Fatigue is closely related to nutritional and physical state. However, there were not significant changes in body mass index, serum albumin, and blood urea nitrogen levels during the 8-week periods (data not shown), although the fatigue scores were changed at least 4 weeks after the introduction of the third-generation system in Group A. Accordingly, it seems that the mitigating effect on fatigue by H2 may be direct, at least partly, and be independent of the nutritional changes.

As to the decreased fatigue on HD-free day by higher H2 in patients with chronic fatigue (Group A), the reason is not clear. However, we suppose several factors may be involved with the mechanism, i.e., progressive improvement in blood redox status as reflected by increased ratio of reduced-type serum albumin [16], possible elevation of antioxidant, thioredoxin along with its less consumption during HD [17]. The exact mechanism needs to be elucidated.

Regarding the surrogate marker of oxidative stress—MPO, we previously reported that a change in MPO levels during HD might be connected with the induction of fatigue by HD [17]. In our study, pre-HD MPO levels were not different between the baseline and the 8th week, although post-HD LN (MPO) levels were marginally but significantly lower at the 8th week, indicating the possibility of better biocompatibility of higher H2 solutions. However, no differences in MPO levels were found between the Improved and the Non-improved groups (Table 2). Therefore, taken together, the above results suggest that fine adjustments of dry weight and antihypertensive doses might help ameliorate symptoms of fatigue in patients with Non-improved group. This speculation needs to be verified in clinical practice in the future.
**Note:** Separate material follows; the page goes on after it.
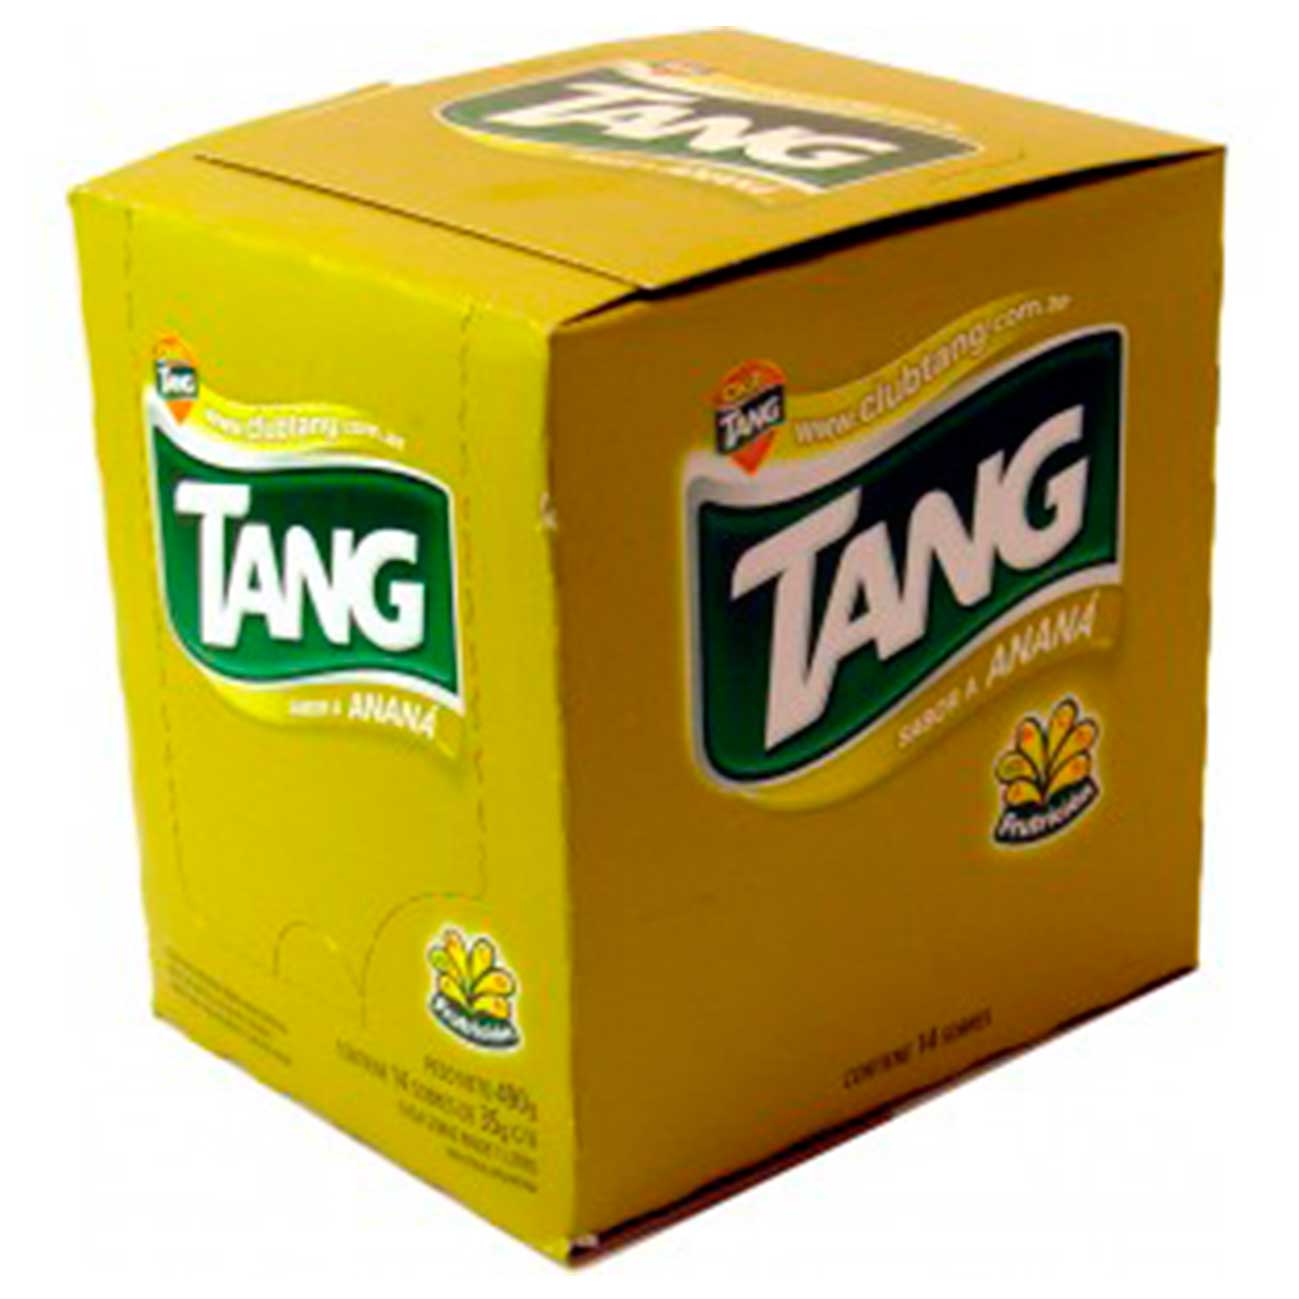 Jugo en polvo ananá Tang.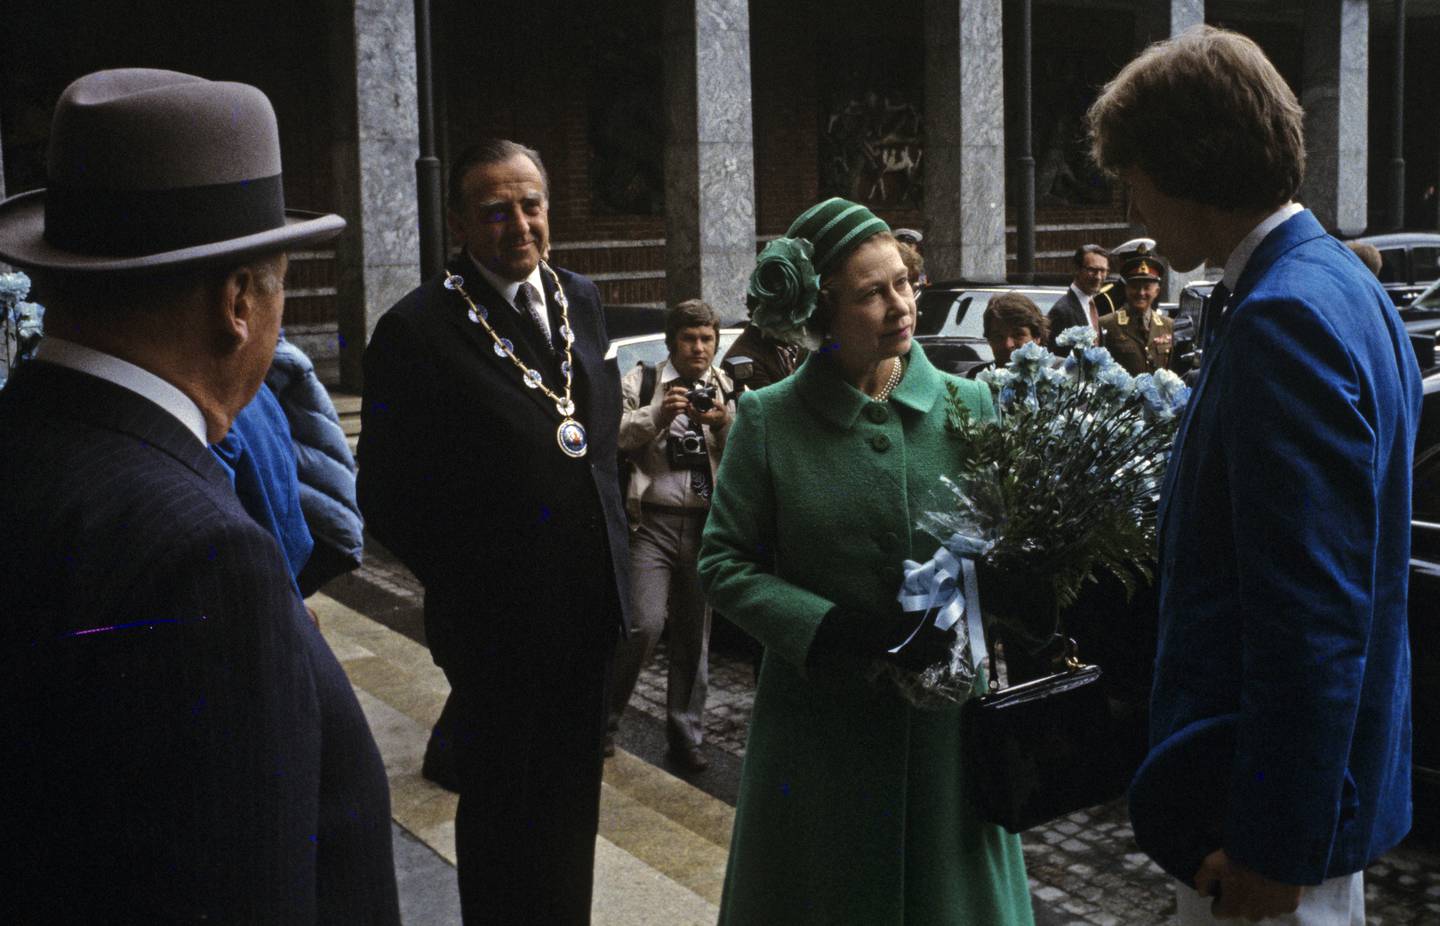 Dronning Elizabeth på offisielt besøk i Norge i mai 1981. Her får dronningen blomster av det årets russepresident, Rolv Erik Ryssdal. Kong Olav og Oslos ordfører Albert Nordengen (H) til venstre. Foto: NTB

Several limitations to the present study need to be kept in mind. First, the study was an observational study with a single arm, was non-blinded, and lacked a control group. In order to derive concrete conclusions, future randomized controlled blinded studies are required. Second, the questionnaire did not clearly define the timing of assessment of fatigue, e.g., before HD or after HD. This is critically important especially in Group B. Third, the available BP data only included pre- and post-HD measurements, and no home BP data were obtained. Therefore, the discussions about the excess fall in BP and its influence on fatigue levels are all speculative, and precise data of BP changes are necessary for obtaining precise insights. Fourth, the present study did not prove the benefit of higher H2 solutions, because the effect of H2 levels above 154 ppb (mean) remains unclear. Additionally, achievement of higher H2 levels cannot necessarily be ensured because of limitations of the technology of current systems. Fifth, we defined the fatigue criteria by more than Grade 3 (our original scale), which profoundly decreased ADL in their everyday life. However, we cannot exclude those type of patients with Grade 2, the presence of fatigue with little impact on ADL, from fatigue criteria. Finally, the observation period of the study might not have been long enough to examine the influence of the higher dialysate H2 content on fatigue. The observed trends toward a decrease in NRS scores on the HD day over the 8-week observation period in Groups A and B indicate the need for longer observation periods to reach a conclusion.

Conclusion

Amelioration of the patient-reported outcome of fatigue might be influenced by H2 levels in the HD solution and the control of blood pressure using antihypertensive agents. Optimal levels of H2 in the dialysate need to be elucidated in consideration of clinical type of fatigue and blood pressure control status.